LA SOMBRA EN EL MURO

 

La reinvención de América

Humberto Guzmán

¿Quién, en el mundo, no ha confundido a Estados Unidos con América? Muchos creen, entre los mexicanos inclusive, que México es Centroamérica. Aun en España, muchos consideran que México es Suramérica. Es una falta de respeto que tiene que ver con la escasa importancia que se le da a nuestro país tanto dentro como fuera del mismo.

En cambio, a Estados Unidos se le otorga la importancia de ser América, todo un continente.

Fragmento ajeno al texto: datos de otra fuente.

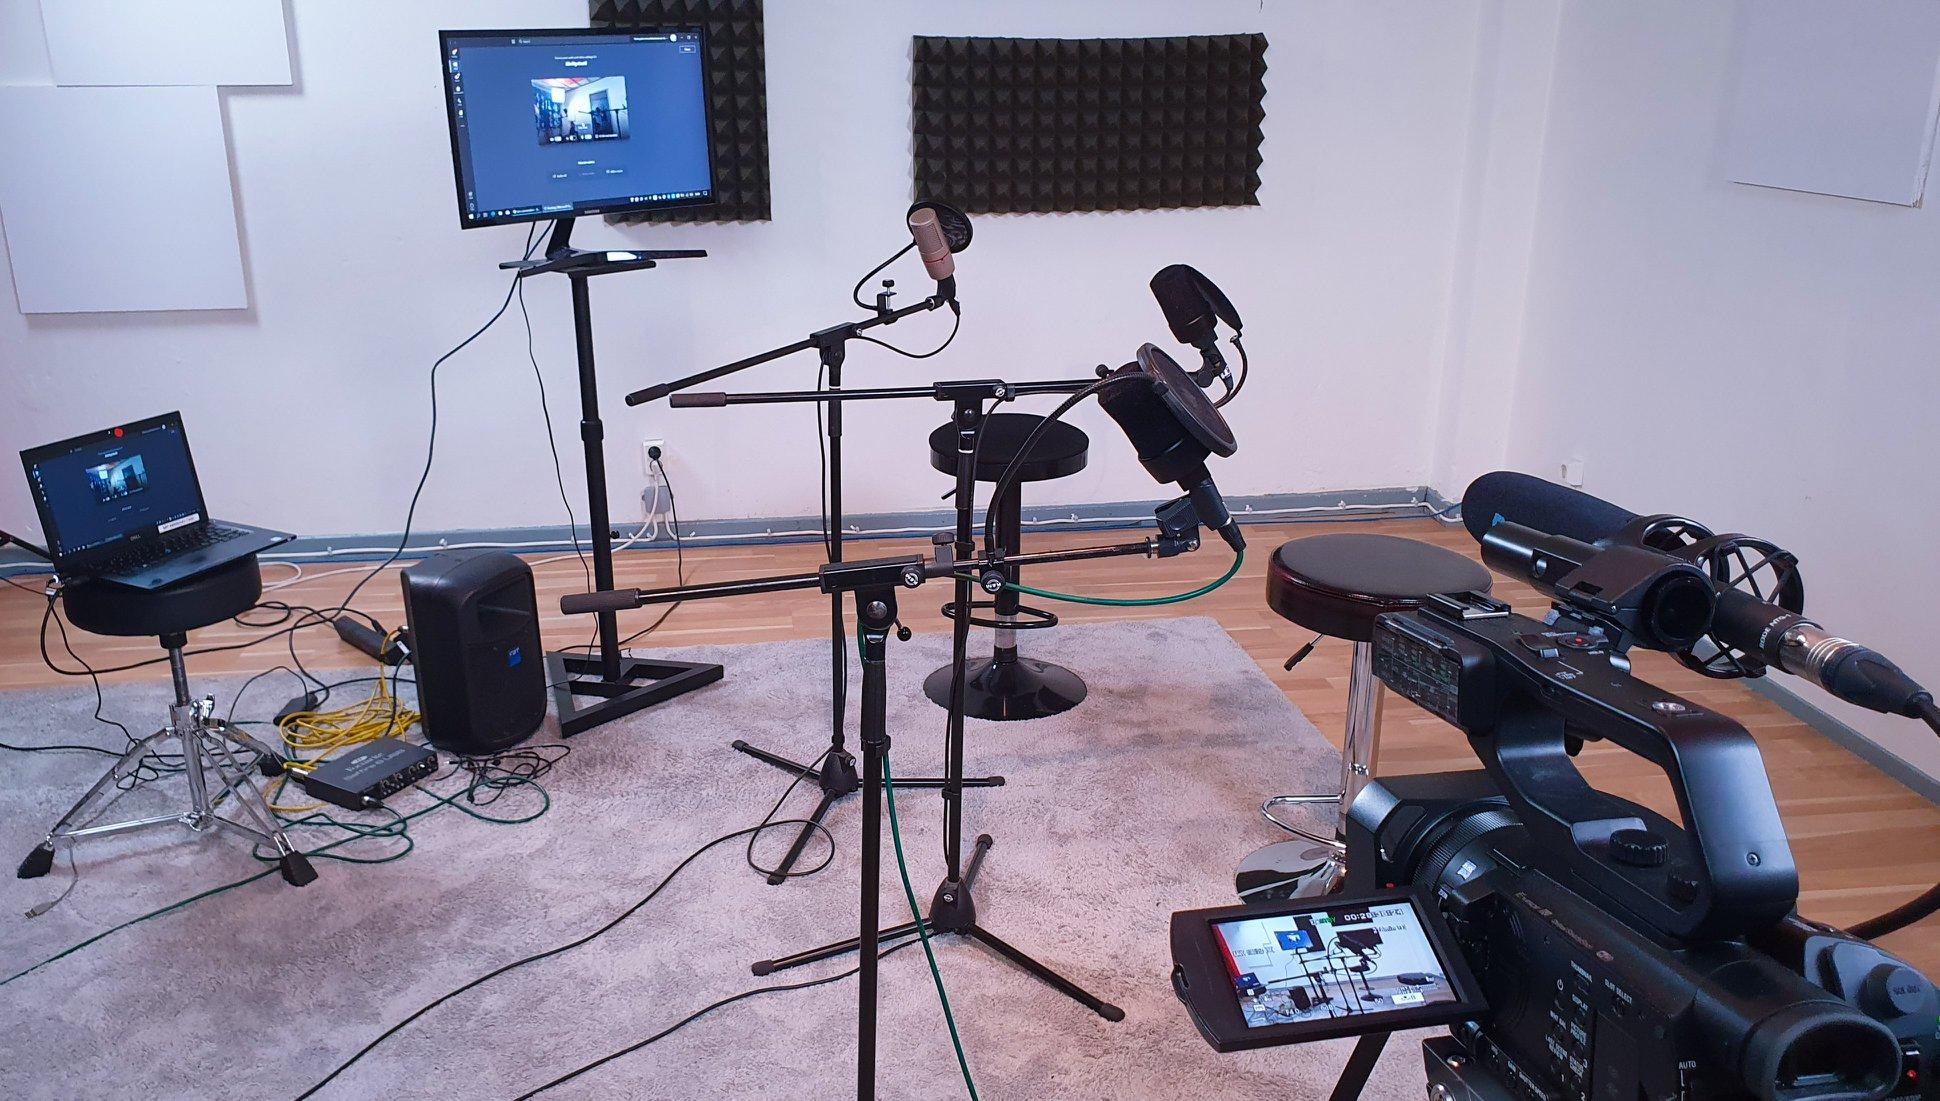 Podcastin valmistelua Pulu Studiolla - tarvittaessa etäyhteyden takaa saadaan vieraat mukaan videoyhteydellä.

Se olvidan que las naciones fundadas por los españoles aquí, en el siglo XVI, eran la América primigenia, y de entre aquellas la más grande, la más rica, era la Nueva España, es decir: México.

Cierto día, en una pequeña vinatería en Madrid que me tocó de paso, me hallé al lado de un hombre joven, delgado y rubio. Me preguntó si yo era suramericano; ofendido por la ignorancia, le dije que casi. ¿Por qué casi? Porque soy mexicano. ¿Y tú —devolví— eres inglés? Casi, respondió. ¿Por qué? Porque soy escocés.

Salta el mito de Latinoamérica. Que, de acuerdo con su origen, es más preciso decir Hispanoamérica. El primer nombre es más amplio y se lo prefiere, oficialmente, para soslayar nuestra hispanidad, la que se ha querido borrar de una manera hasta patológica. Más allá de algunos rasgos, no es lo mismo Argentina, Brasil y México. La “nación latinoamericana” no es más que una invención, que sólo sirve para los discursos demagógicos de algunos líderes políticos suramericanos. A mí me gusta Colombia. (¿O García Márquez no está en México?) Perú guarda similitudes con México. Guatemala sigue siendo de la misma cultura que el sur de nuestro país. Sin embargo, creo que es un cuento ese de “la nación latinoamericana y bolivariana”. Pudo haber tenido sentido después de la independencia de España, por razones políticas. Pero, ¿cuál de todas las naciones que la conforman sería la líder? Ninguna representa los rasgos y los intereses de todas. Sería, como lo es de todas maneras, una lucha de poderes.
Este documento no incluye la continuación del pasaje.